# Interpreting the 2012 IRO RH rules



## Cheri Clark (Aug 19, 2011)

Hello Everyone,
I want to start training for the RH and have a few questions I'm hoping you can help me with.
Is the Fur Saver a large link chain collar by definition? 
Do you have to pass the RH-E Suitability portion- Section A Scent work and Section B Obedience and Dexterity before testing for the RH-FL A & B?
How do you teach the Crawl? I'm also testing for the IPO BH so don't want to use a method that would encourage creeping during the long down.
What command do you use for the stand stay?
I've trained using the terms "hup" to mount an obstacle, "wait" to indicate a pause, "walk on" to continue movement over an obstacle and "off to dismount. Are these acceptable commands for use in the dexterity section?
For the directability portion my send command is "away" and I use "on it" to indicate a stop turn and sit motion for the target. Are the commands supposed to be all single words? Do they consider "on it" a two word command?
Has anyone ever videoed an IRO competition? I would really like to see the obstacle types and directability pattern.
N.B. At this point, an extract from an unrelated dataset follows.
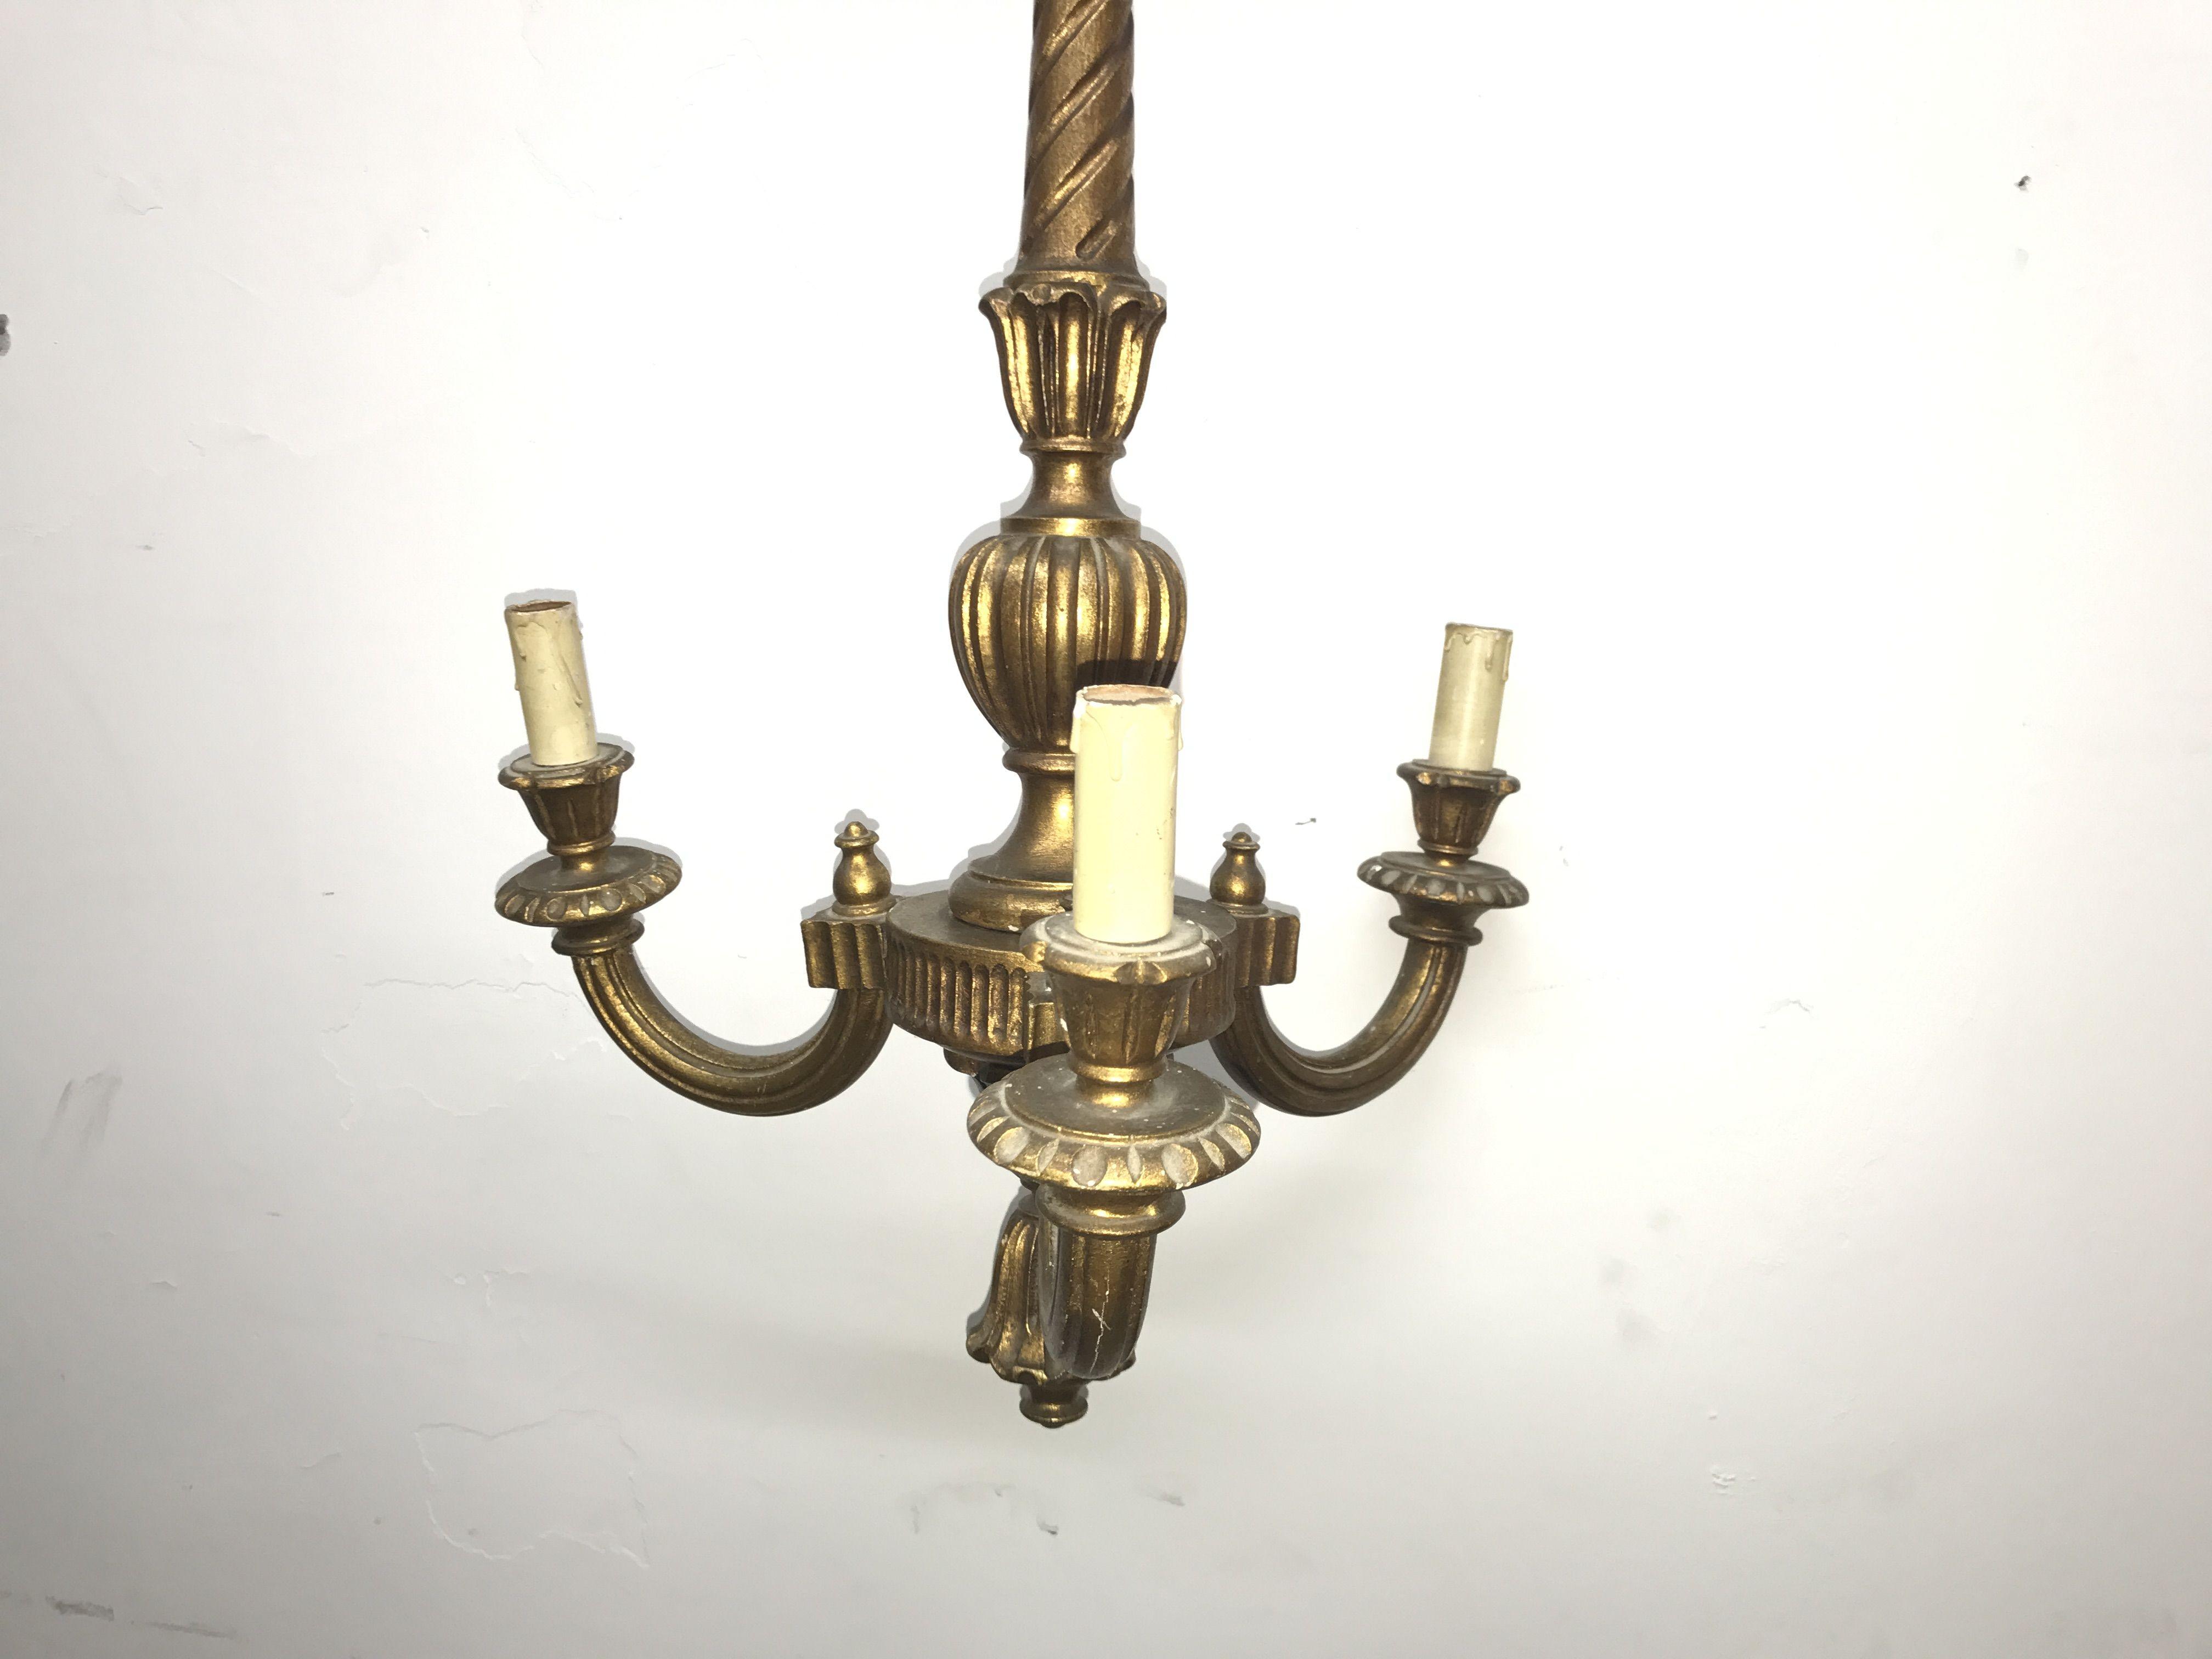 Lampadario In Legno Antico : Antico lampadario in legno foglia d oro oggetti unici rari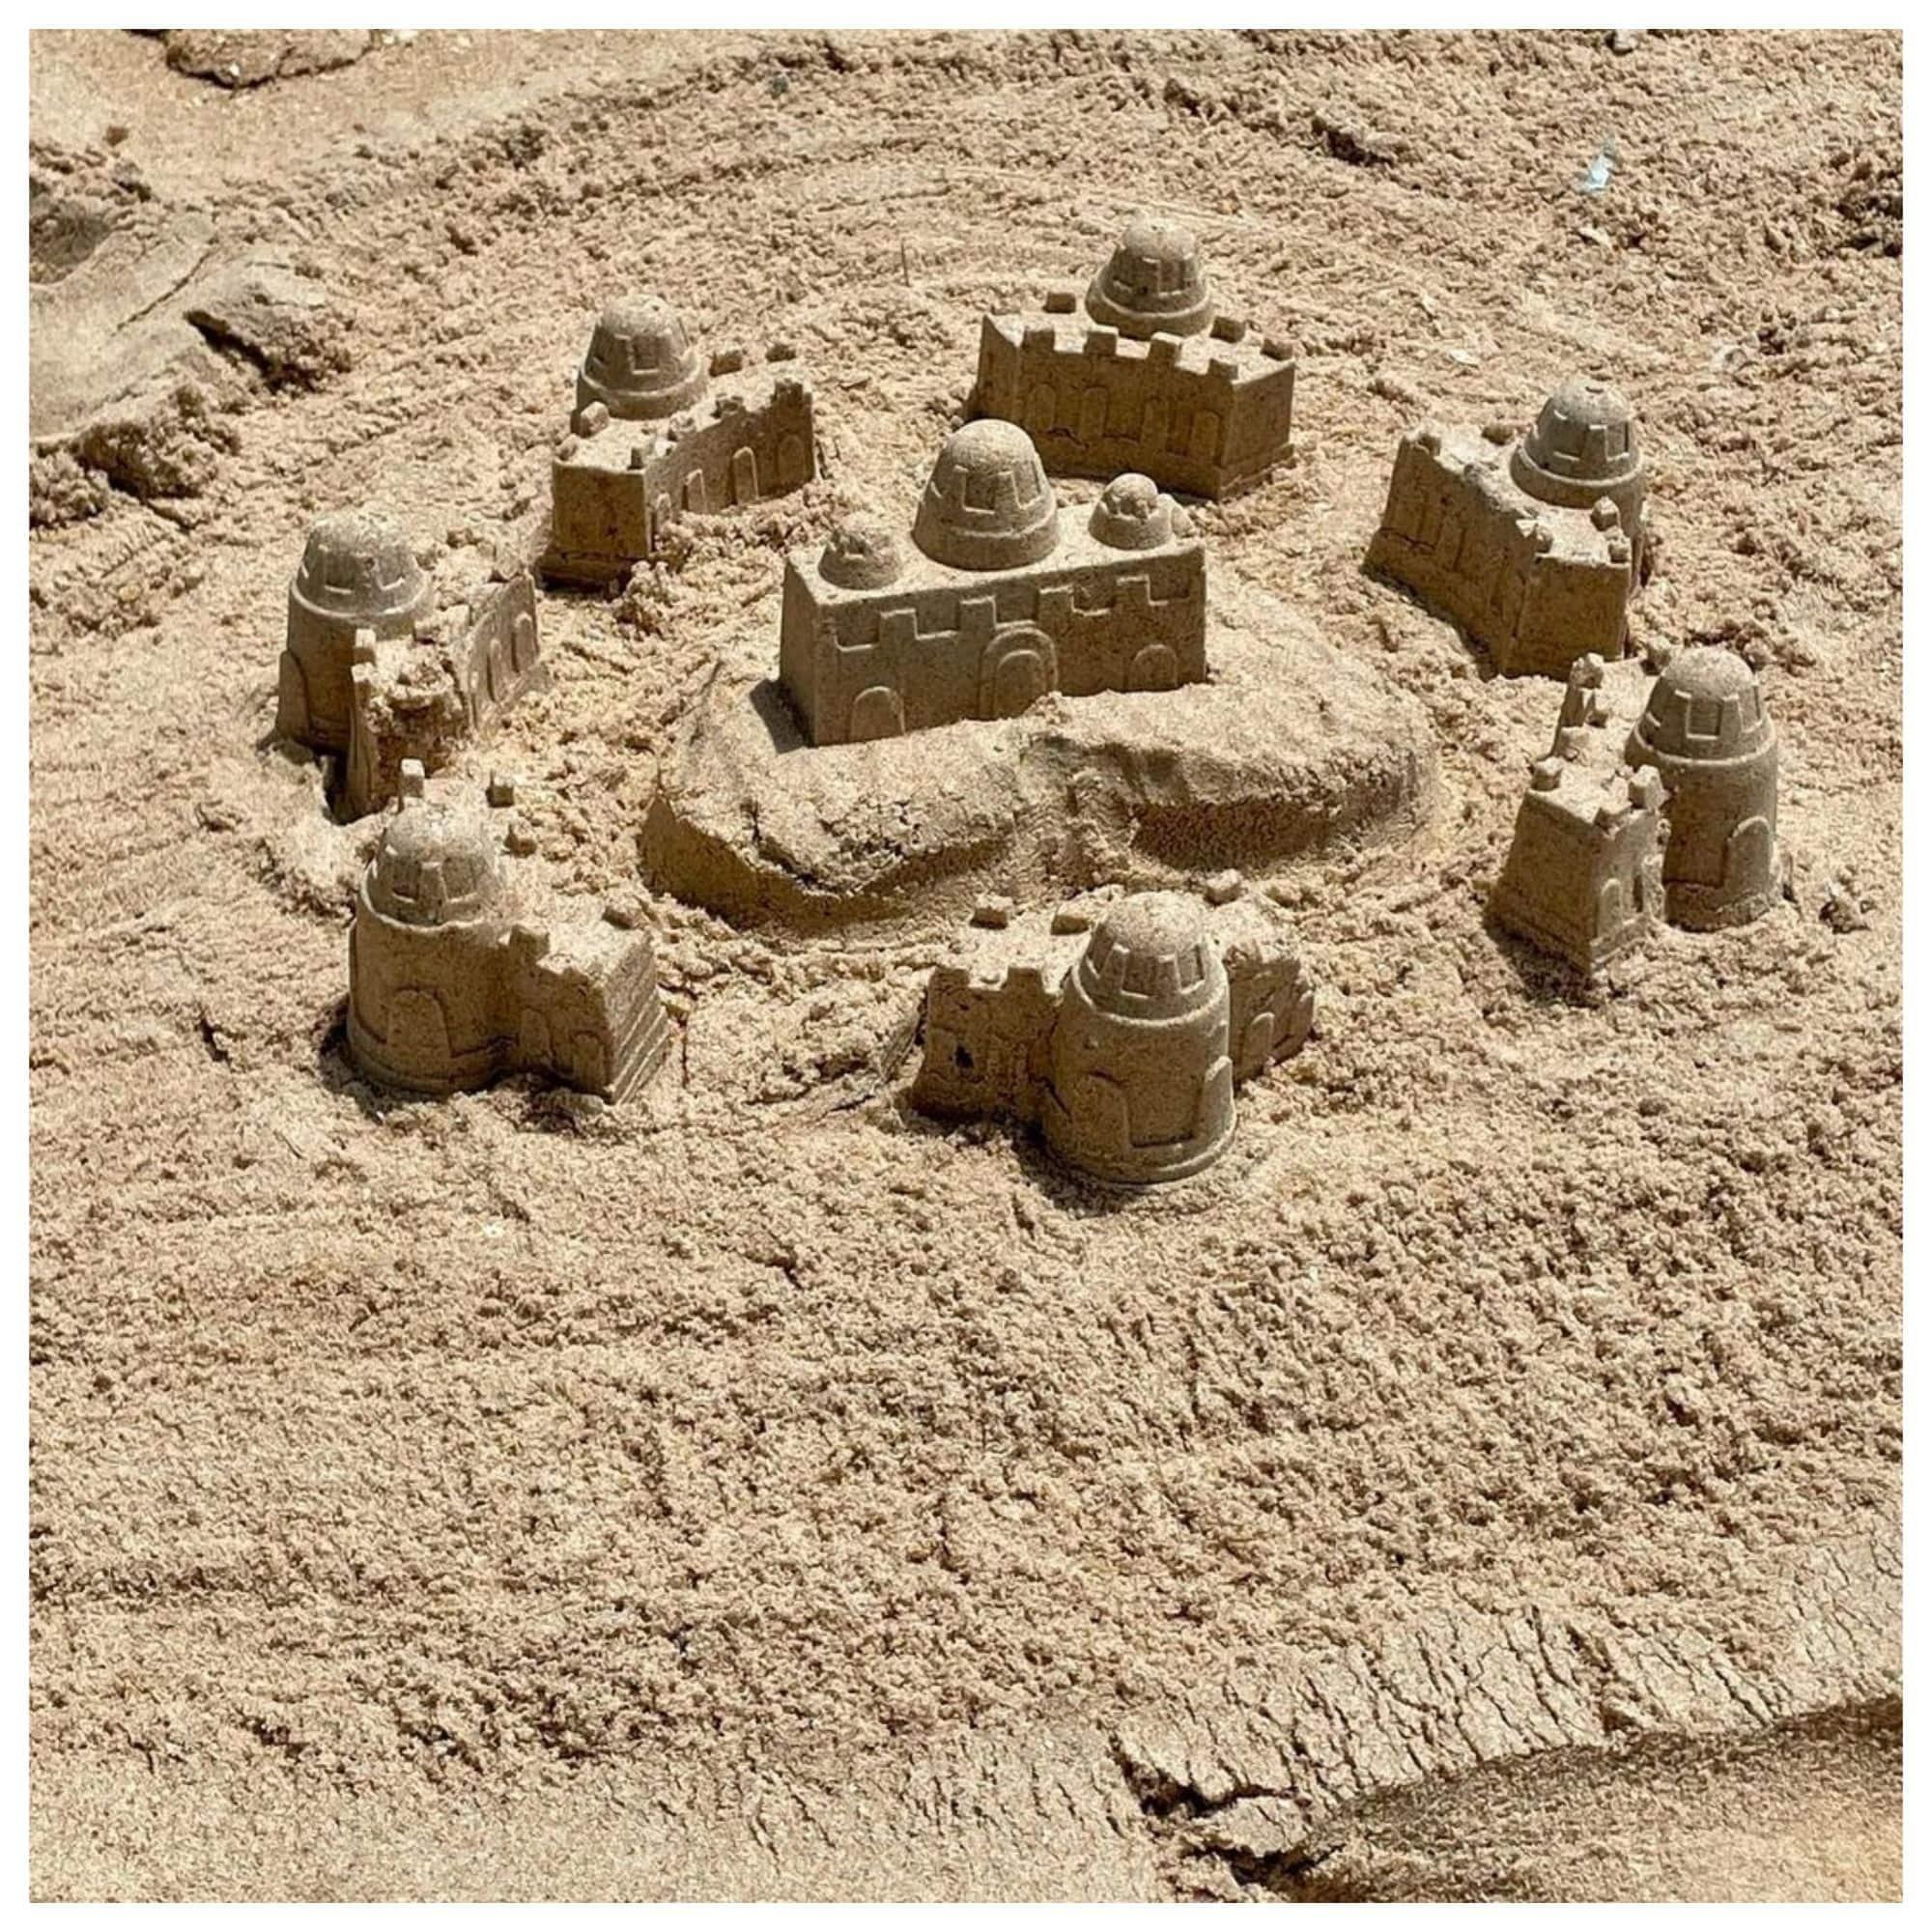 रेत से बनाया अपना साम्राज्य

Thanks so much for your help.


----------



## Kat Hunsecker (Oct 23, 2009)

Yes, the large link chain is a fur saver... 
Depending on whom you test with, the RH-E is not required before the A . But the A is required before the B. and you should do the RH- E. it is recommended- but again not a must.
The RH has Obedience and Dexterity as well as a scent problem. Obedience and Dexterity stays the same in A and B, but the Scent work changes.

there is no crawl in the 2012 rules! (unless you talk about the crawlspace tunnel- which is not a classic crawl)

classic obedience commands are to be used in the RH. same like BH. but you are allowed handsignals also.
where do you find a "stand stay"? not sure what excersize you are refering to. or are you talking on an obstacle?
Make sure you have the right rules. and if you look at the single obstacles, maybe it get's a bit clearer. it explaines the way how to take an obstacle also. We were at the same spot you are now, just old RH video material on the web so far (but haven't checked for a few month either) 
Some excersizes are the Same from the old rules, some are completly different.


----------



## Cheri Clark (Aug 19, 2011)

Thanks Kat.
I looked at the rule book and discovered it was an older version (2006).
After giving it a quick glance, the current version looks much more detailed and some of the exercises have changed. Thankfully I have been training harder specs. than the older rules called out so the changes won't impact us too much. I still wish there were some trial video's to watch. RH trials are so few and far between here in the southwest.


----------



## Kat Hunsecker (Oct 23, 2009)

Yeah, videos would have been nice, we had to train without,too. But it worked..
The RH stuff is not too popular here,yet.
We are still struggling with officals with it....


----------